If you are off-lab, you must be connected to the VPN. If you cannot get onto the JPL VPN, just connect to UCLA instead:

phayne@localhost:~$ ssh -Y [email protected]

Using divdata

The program divdata is at the core of the data processing pipeline.

A basic help message is displayed by simply typing "divdata" with no options:

phayne@cabeus:data$ divdata
Using new divbase

Quick info:

divdata      (No arguments, prints this usage statement)

divdata [type=datatype] fields   (to just print out selectable fields)

----

Piping data into other pipes commands:

divdata [type=datatype] [noindex] daterange=BEGIN,END [clat=MIN,MAX] [c=MIN,MAX]
            [FIELD=MIN,MAX FIELD=MIN,MAX ...] | PIPES_COMMANDS ...

    BEGIN and END for daterange can be the following format:
        YYYYMM     - A month, gets you all the days in that month.
        YYYYMMDD   - A day,   gets you all the hours in that day.
        YYYYMMDDHH - An hour, gets you all the minutes in that hour.
    If BEGIN and END are equal, e.g. 200907, you can just use: daterange=200907
    Multiple daterange=BEGIN,END arguments specify disjoint times.
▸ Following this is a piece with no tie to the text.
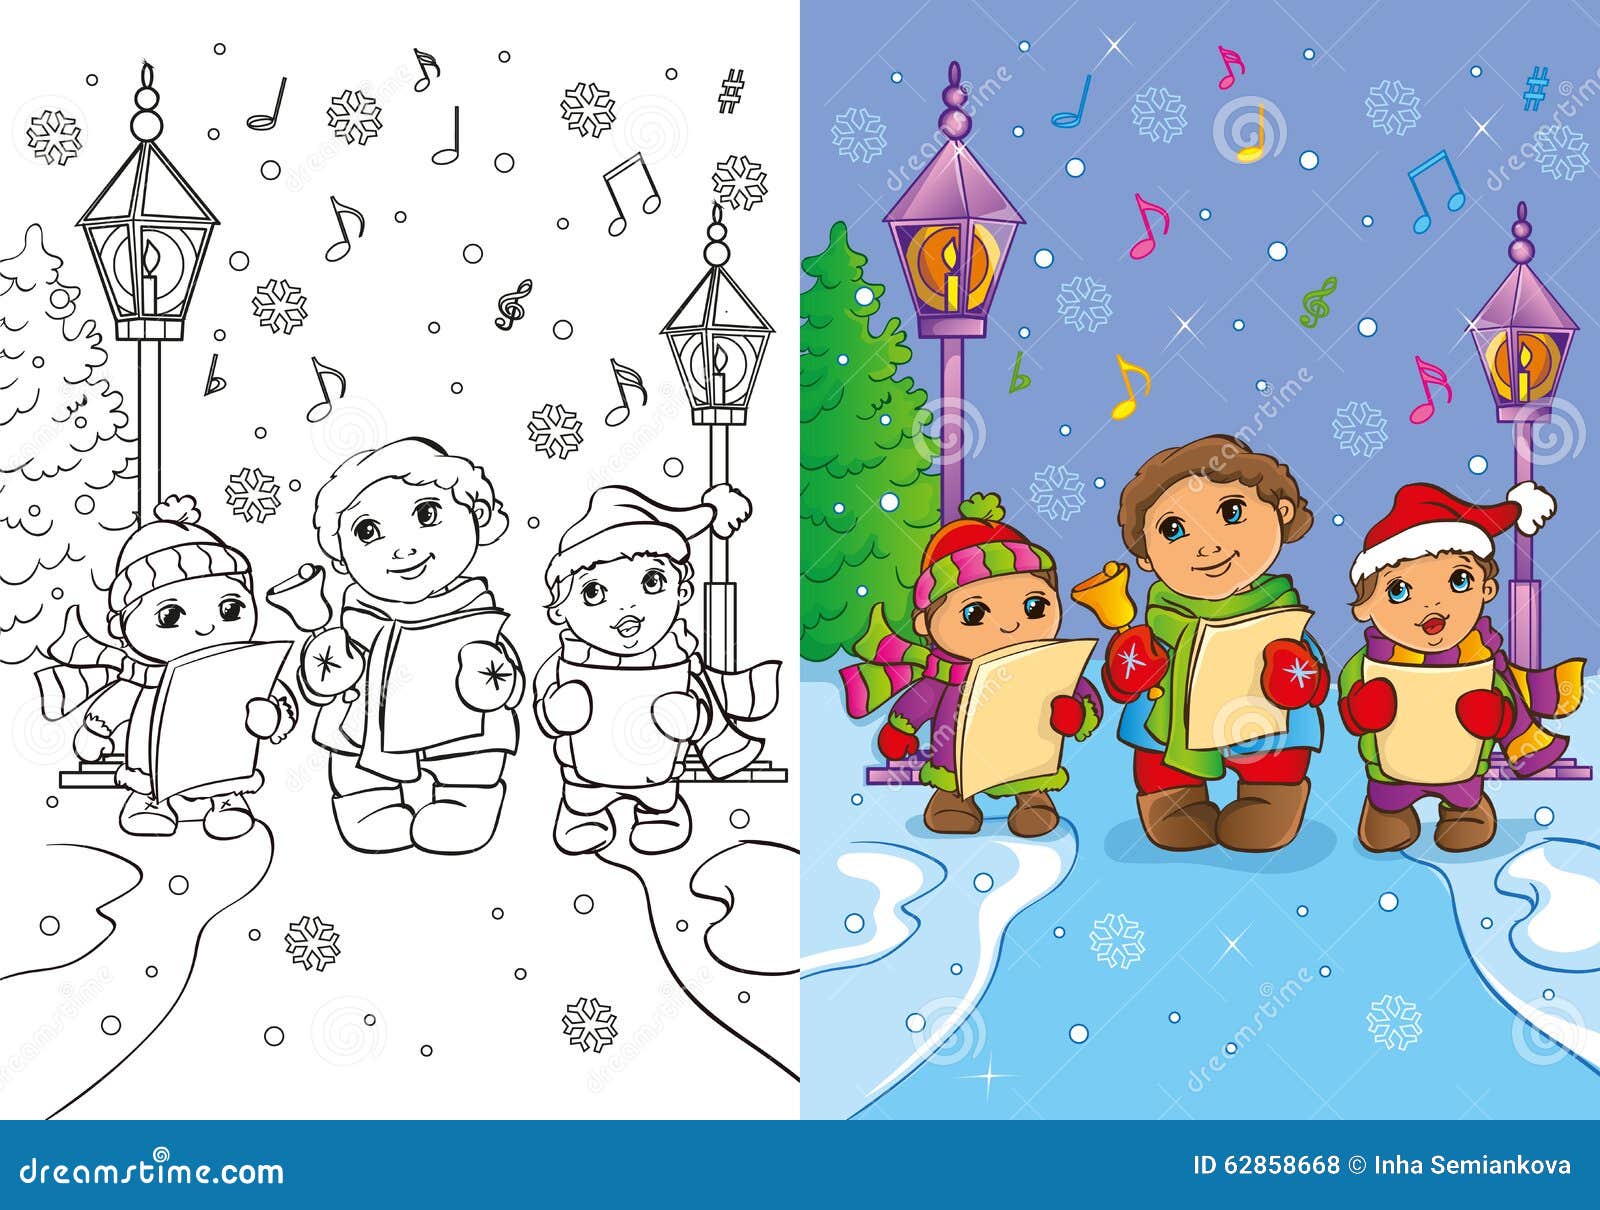 Canzoni Di Natale Per Bambini.Il Libro Da Colorare Dei Bambini Canta Le Canzoni Di Natale Illustrazione Di Stock Illustrazione Di Natale Bianco 62858668

    Other fields (except for 'c', only one instance of each may be allowed):

    clat=MIN,MAX  - Center latitude of observation, greatly improves performance

    c=MIN,MAX     - Channel number, greatly improves performance
                    You can specify multiple arguments for this, e.g.:
                        c=1,1 c=5,6 c=8,9
                    but don't mix inclusive (MIN<=MAX) with exclusive (MIN>MAX)

    FIELD=MIN,MAX - Any other FIELD in the dataset,
                        moderately improves performance

    type=DATATYPE - Output data format.  Default is 'div38'.

    noindex - Do not use indexing to match data constraints.
              Significantly SLOWS DOWN your data access.
              Use only for debugging, a sanity check to make
              sure you are getting all your data.   Using this
              option *should* not alter your results except in
              terms of speed.  Let us know otherwise.

    nodel - Do not delete the catfile this program creates.

    debug=N - Debug level where N is one of:
                0 - Normal, only high level messages.
                1 - Detailed
                2 - Extra detailed.

              All debugging messages are printed to standard error.

A note on constraints:

    When specifying a MIN,MAX, if MIN<=MAX, you get all the data
    between MIN and MAX, inclusively.   If MIN>MAX, you get all
    the data OUTSIDE of the inclusive MIN,MAX range.   Examples:

    clat=-70,50 - All latitudes between -70 and 50, inclusively.
    clat=50,-70 - (-90,-70.0000000001) + (50.0000000001,90)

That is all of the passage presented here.